Tetrazoles are generally more lipophilic than carboxylates, as the larger substituent allows the negative charges to be distributed over a greater number of atoms. Hansh reported that anionic tetrazoles are about ten times more lipophilic than their carboxylate counterparts.118 This is one of the important factors to consider in drug
19
design as the molecule requires high permeability in order to naturally cross the cell membrane (Lipinski’s rule of five)119.
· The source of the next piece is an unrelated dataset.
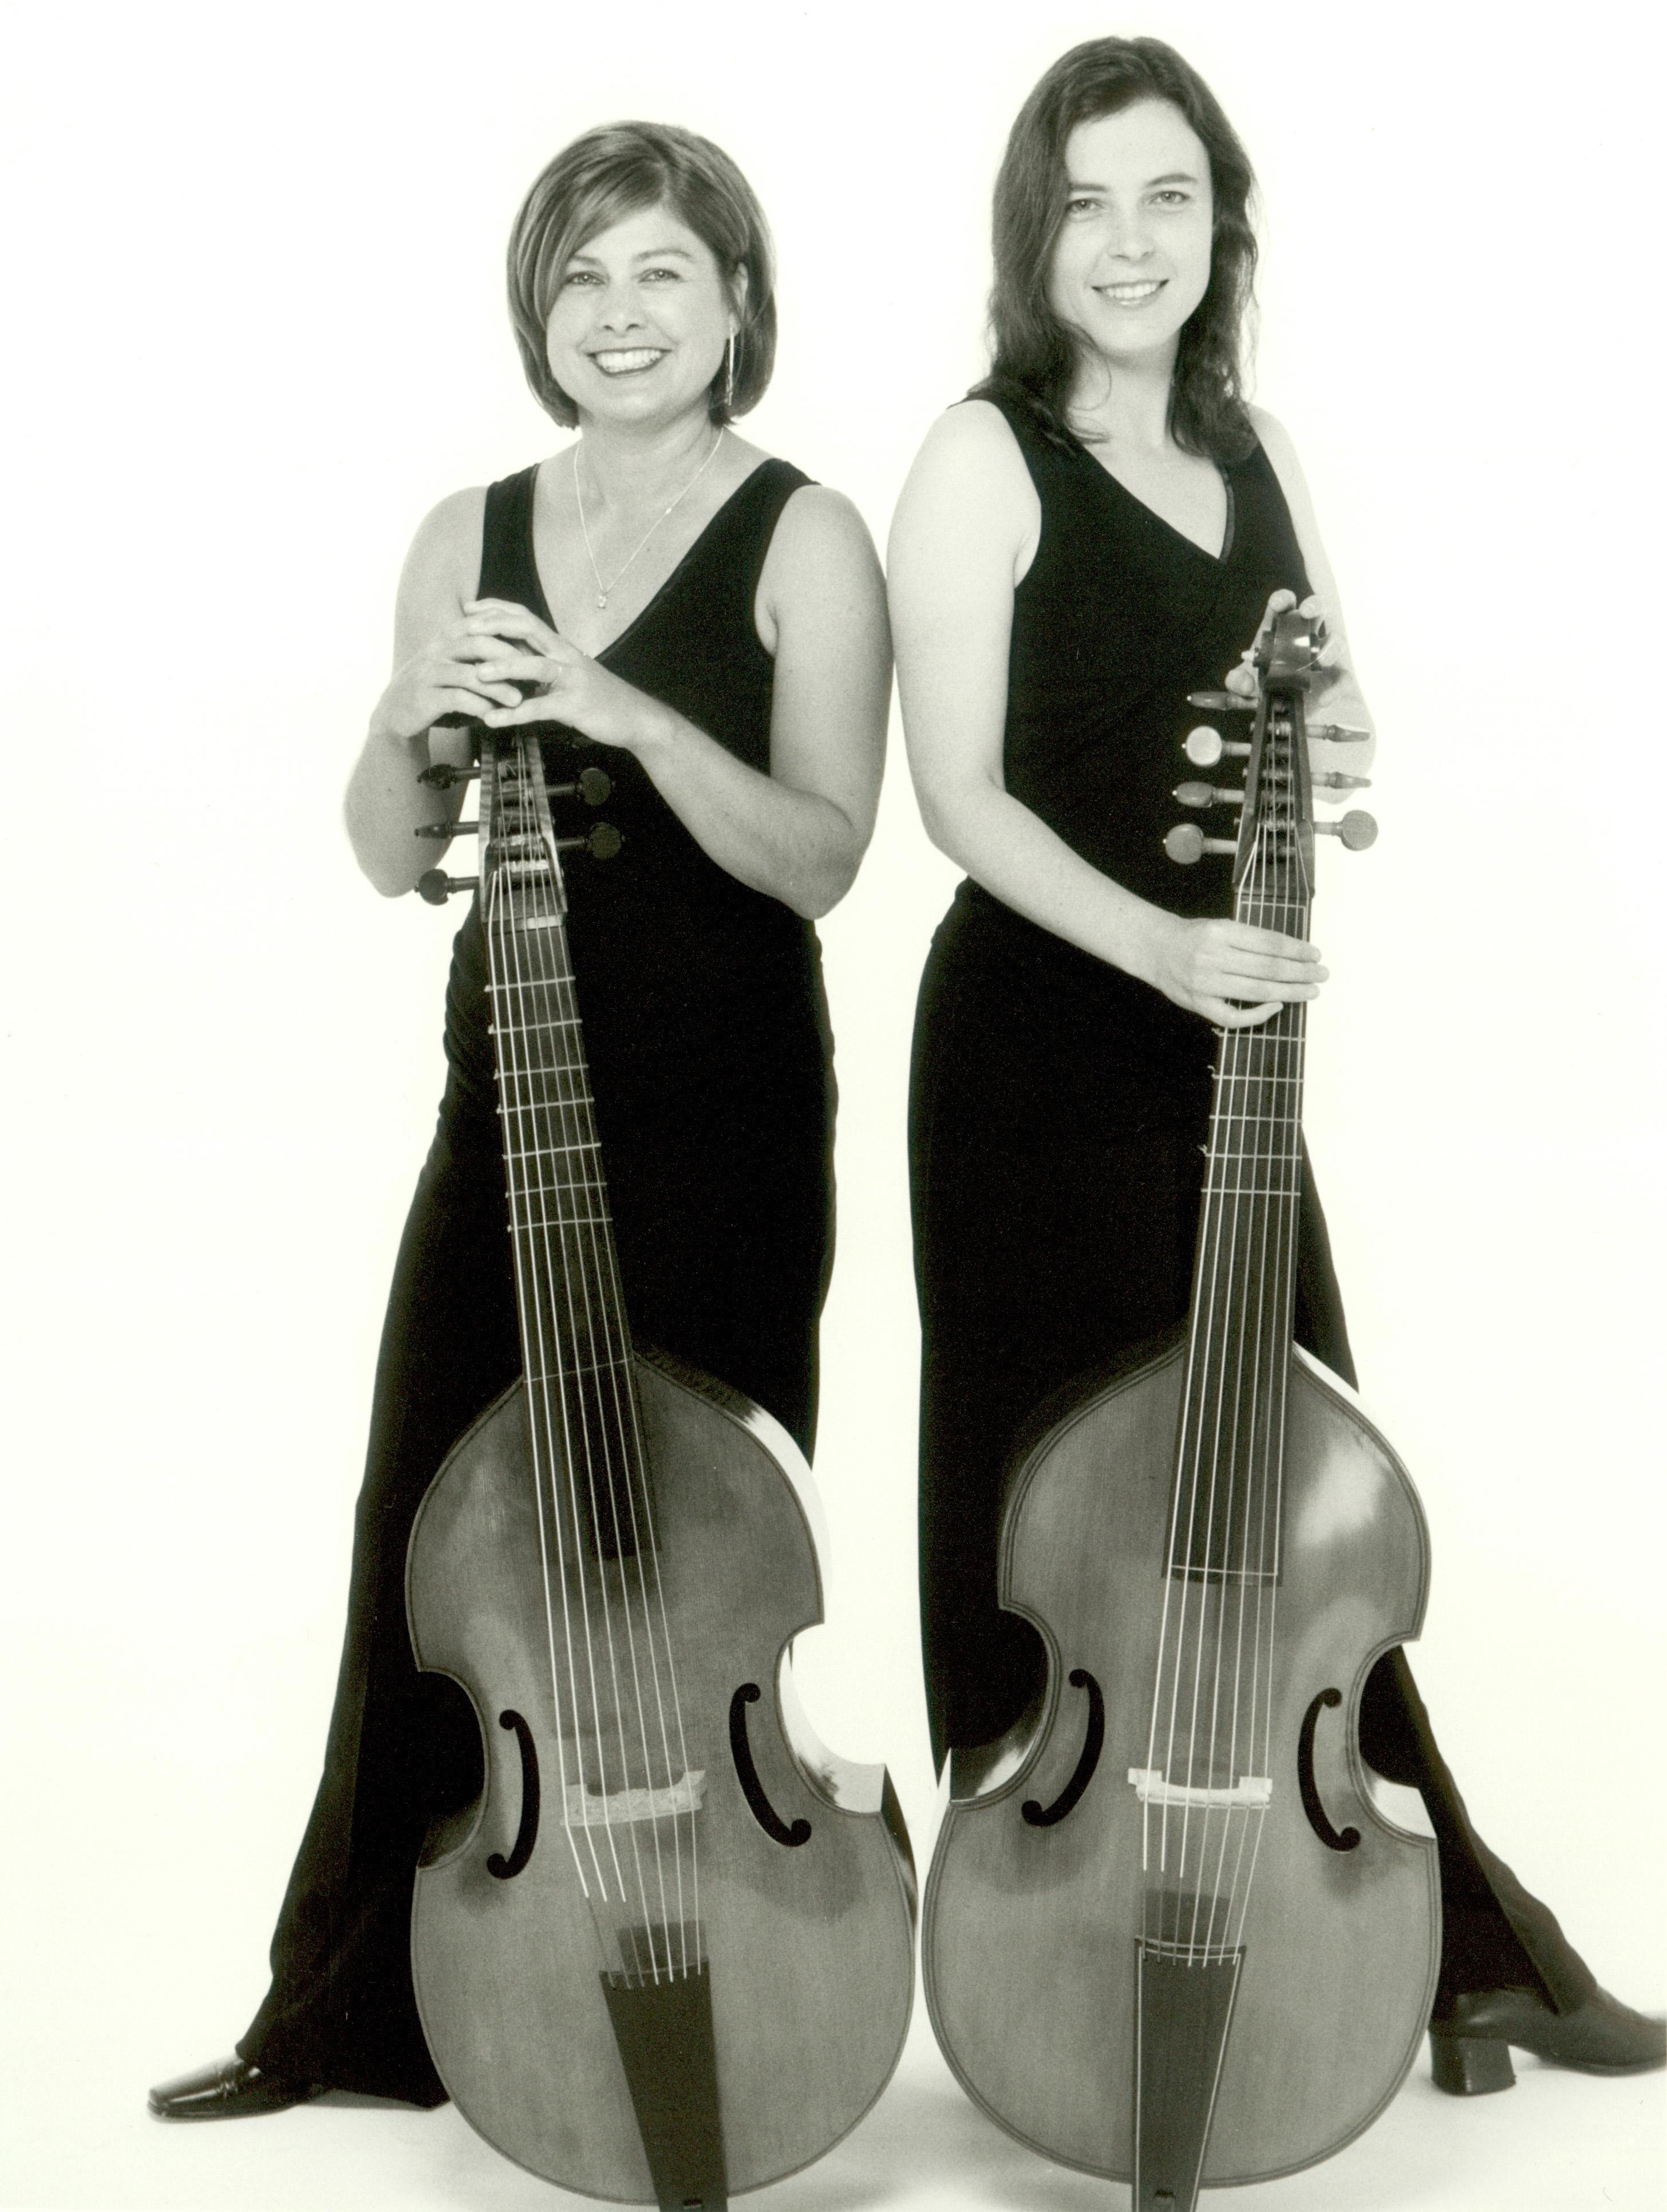 Jennifer Eriksson and Cathy Upex

The tetrazole functional group being unknown in nature has virtually no natural enzymes designed to alter or metabolise them. The number of biological degradation pathways is very scarce, thus making them more biologically stable. Incorporating the tetrazole ring into an organic substrate often leads to not only an increase in efficacy but also prolonging the intended action of the drug without an increase in acute toxicity.120 All these qualities make tetrazoles an attractive candidate for synthetic drugs in the pharmaceutical industry. In fact, there are already many highly effective drugs with a pharmaceutical active ingredient (API) that contains the tetrazole ring.64 The World Health Organisation (WHO) using the analogue-based drug discovery (ABDD) method, as well as the Food and Drug Adminstration (FDA), declared that tetrazole rings as an important structural unit when designing new drugs.64
Another important feature of tetrazoles is that they can be used as organic ligands to form stable metal complexes. This can be proved useful in analytical chemistry such as in systems to remove heavy metal ions in a liquid mixture121 and also corrosion inhibitors122. Tetrazoles containing lanthanoid complexes could possibly be used in biomedical analysis such as magnetic resonance imaging (MRI) contrast agents, fluoroimmunoassays and cellular imaging for the diagnosis of diseases.123–126 Due to its photophysical properties, these complexes can also be applied in material science such as light emitting diodes, lasers, optical fibres and optical display.125,127,128 Hence, a part of this project is to investigate the photophysical properties of lanthanoid complexes and clusters as it is sensible to explore the benefits of such systems.